▸ **WHAT YOU SHOULD DO**:
Nothing but the lines below from the one containing "visa recommendation letter" through the one containing "Sunrise overview of the Carnic Alps..." should appear in the answer, exact and without pictures.

--- DATA FOR ANALYSIS ---

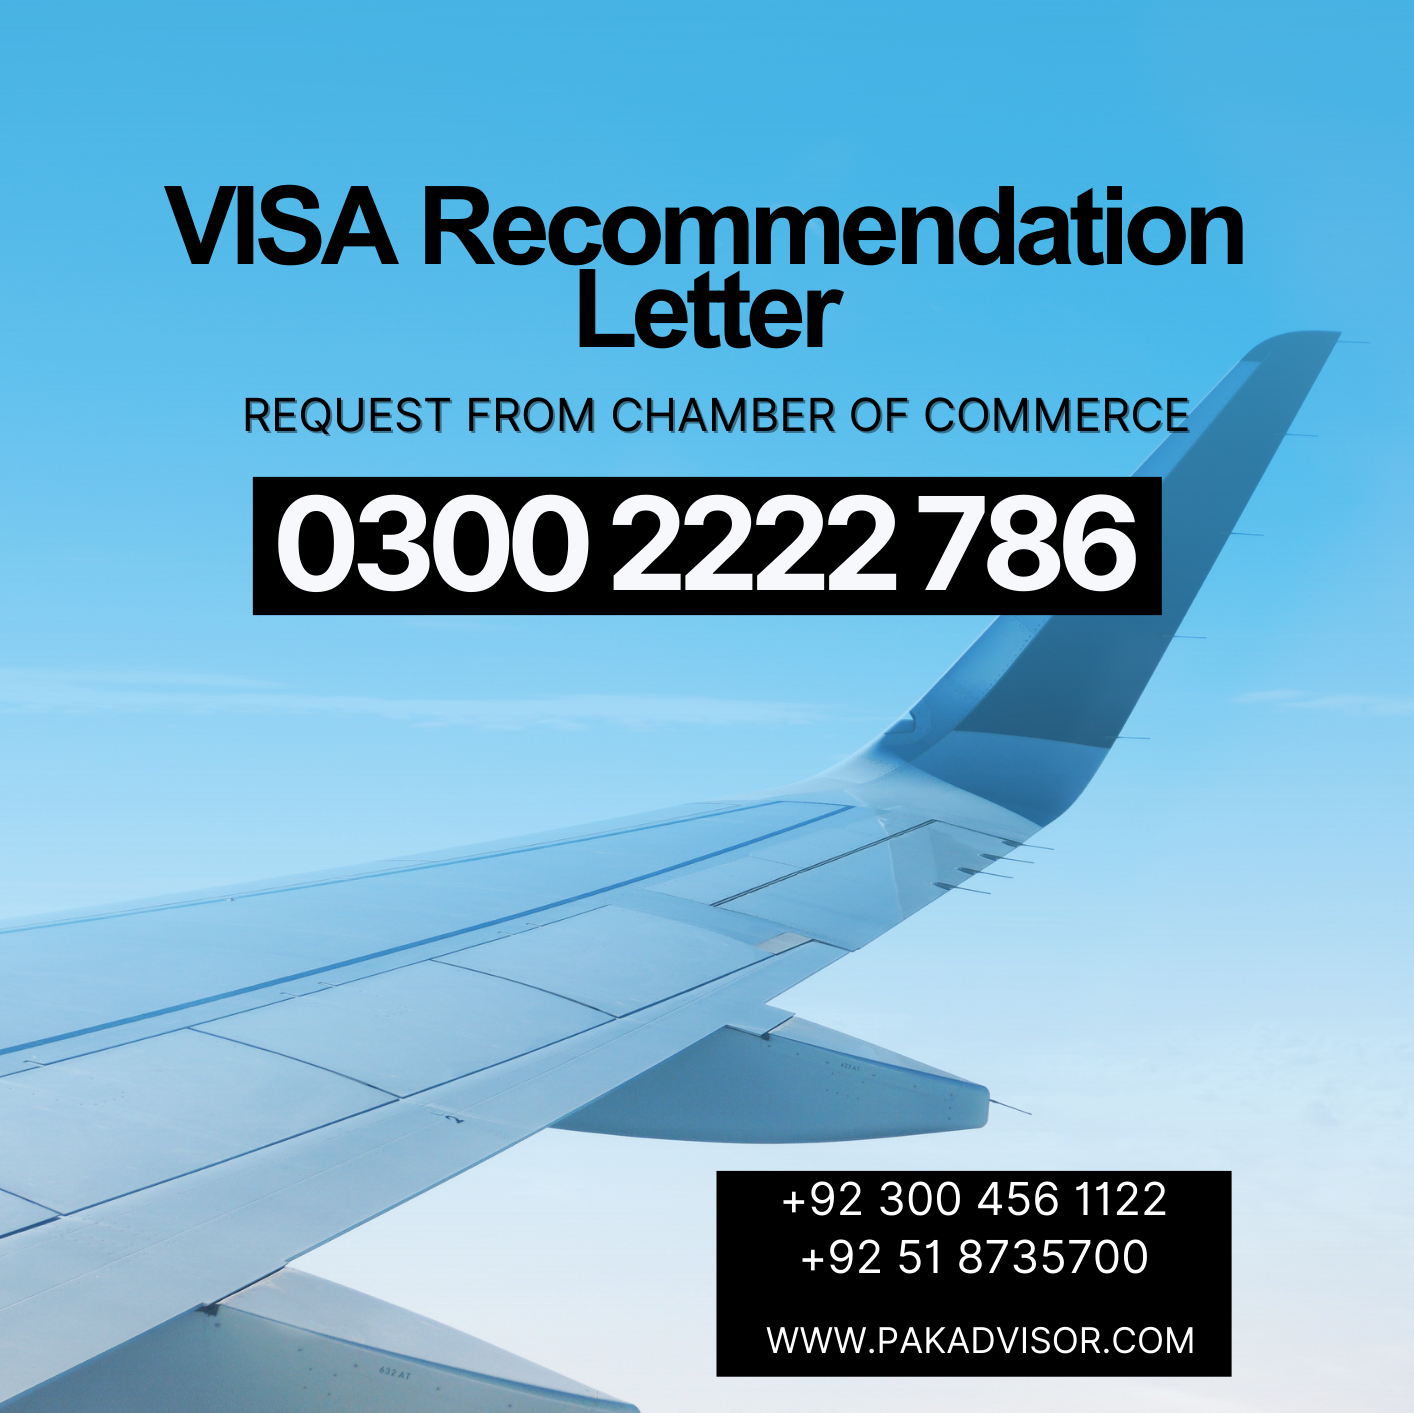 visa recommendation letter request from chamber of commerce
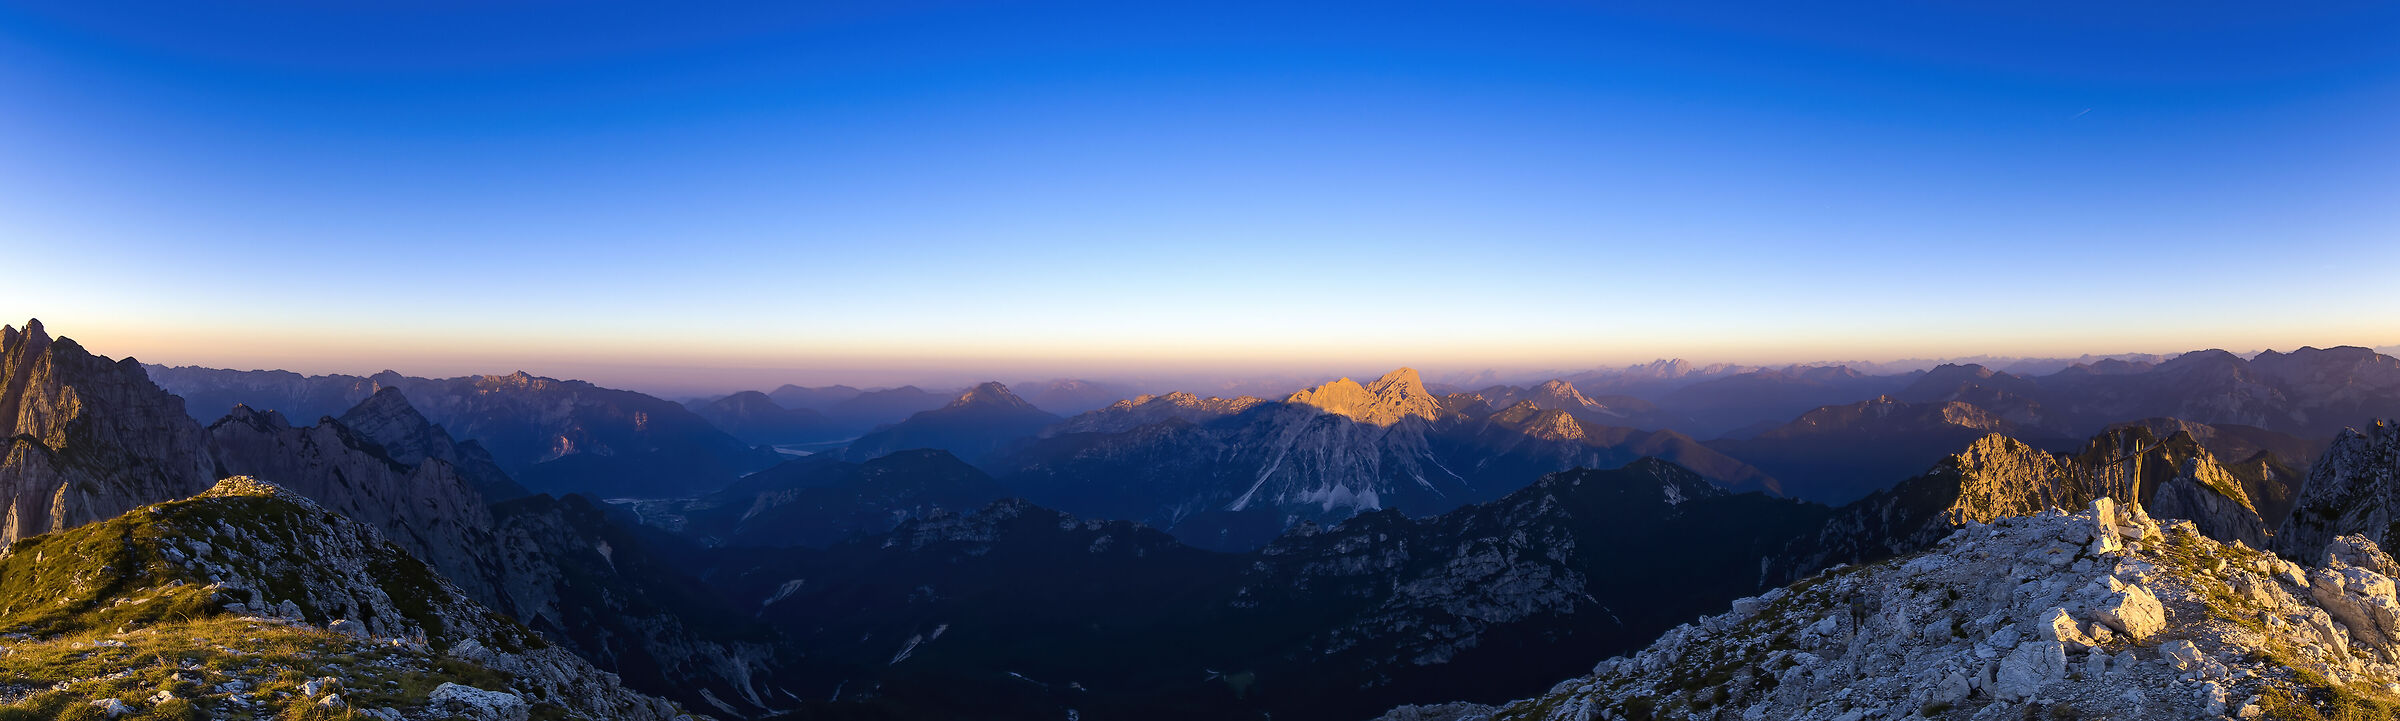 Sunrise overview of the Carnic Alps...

---
--- DATA FOR ANALYSIS ---

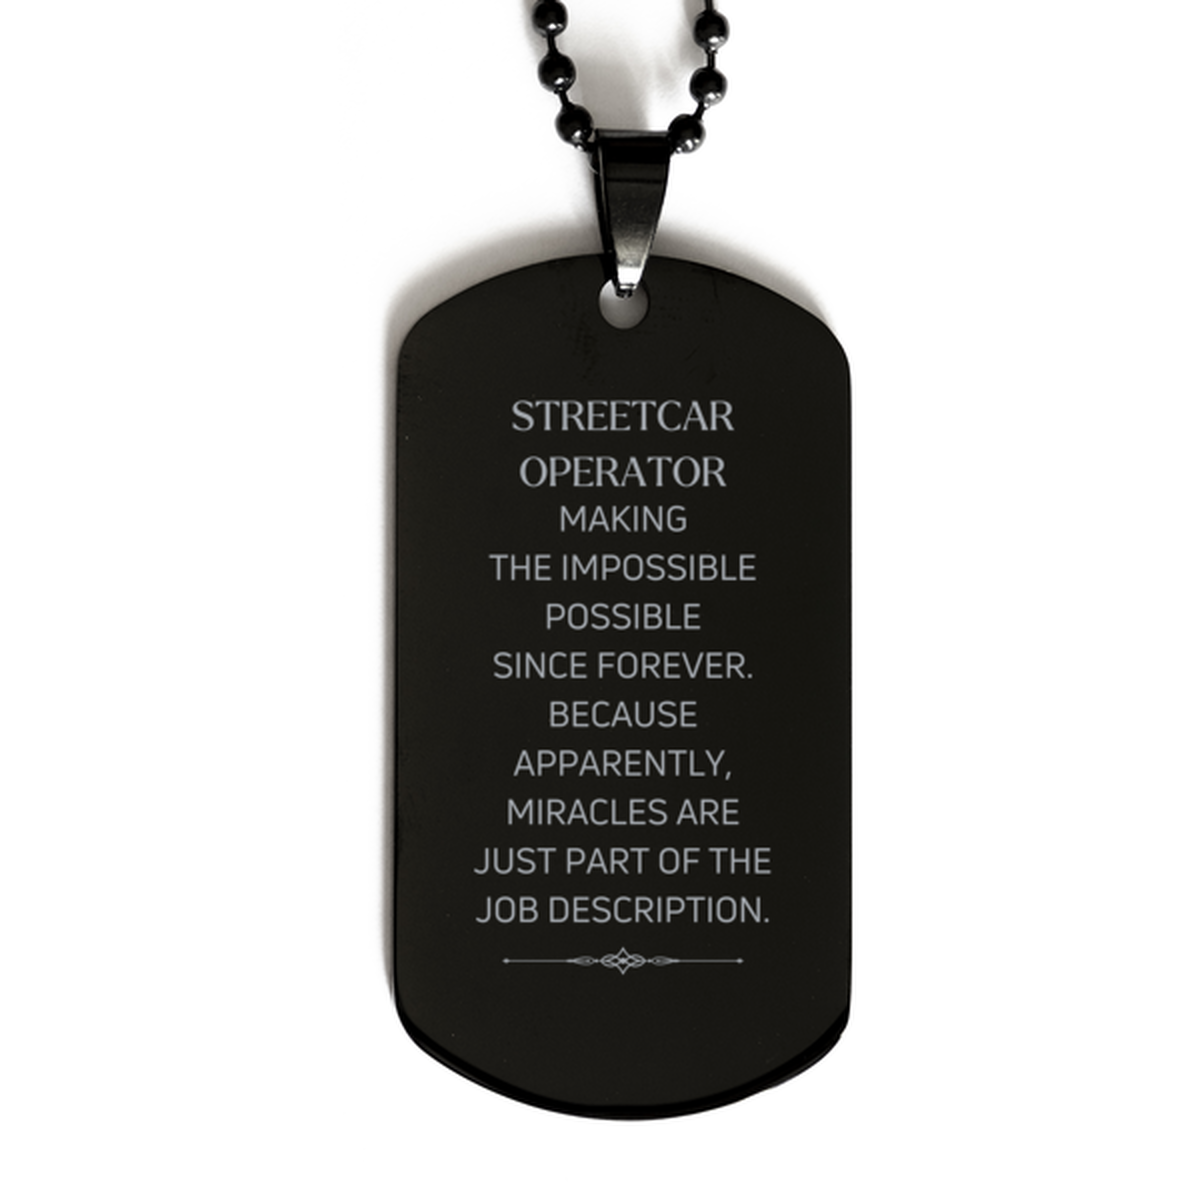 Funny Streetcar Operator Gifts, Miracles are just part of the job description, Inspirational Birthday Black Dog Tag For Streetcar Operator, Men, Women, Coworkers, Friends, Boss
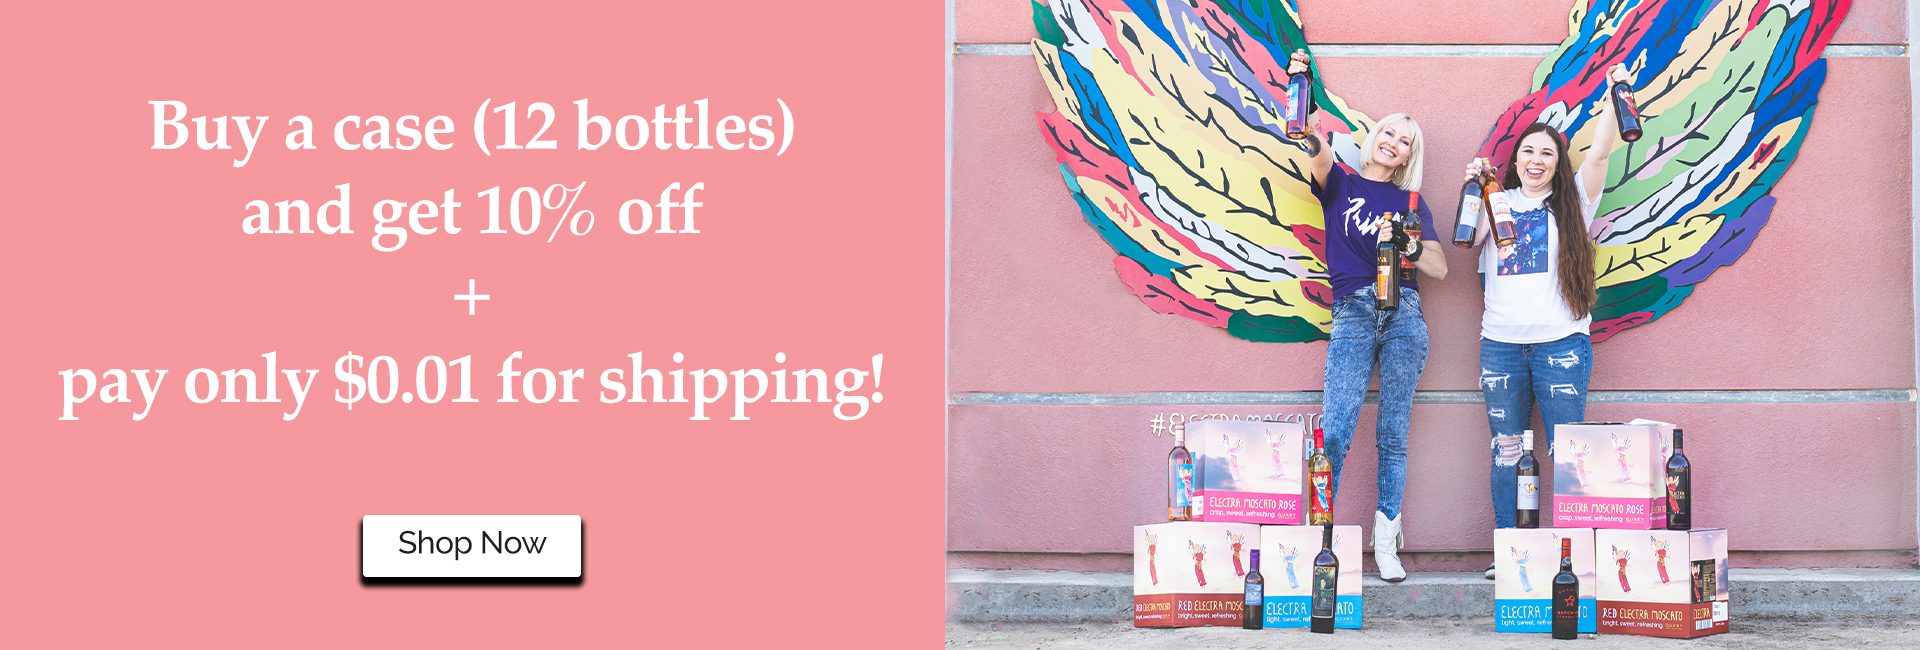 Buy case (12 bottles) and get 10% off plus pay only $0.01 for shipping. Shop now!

---

▸ **ANSWER TO THIS EXERCISE**:
 visa recommendation letter request from chamber of commerce
 Sunrise overview of the Carnic Alps...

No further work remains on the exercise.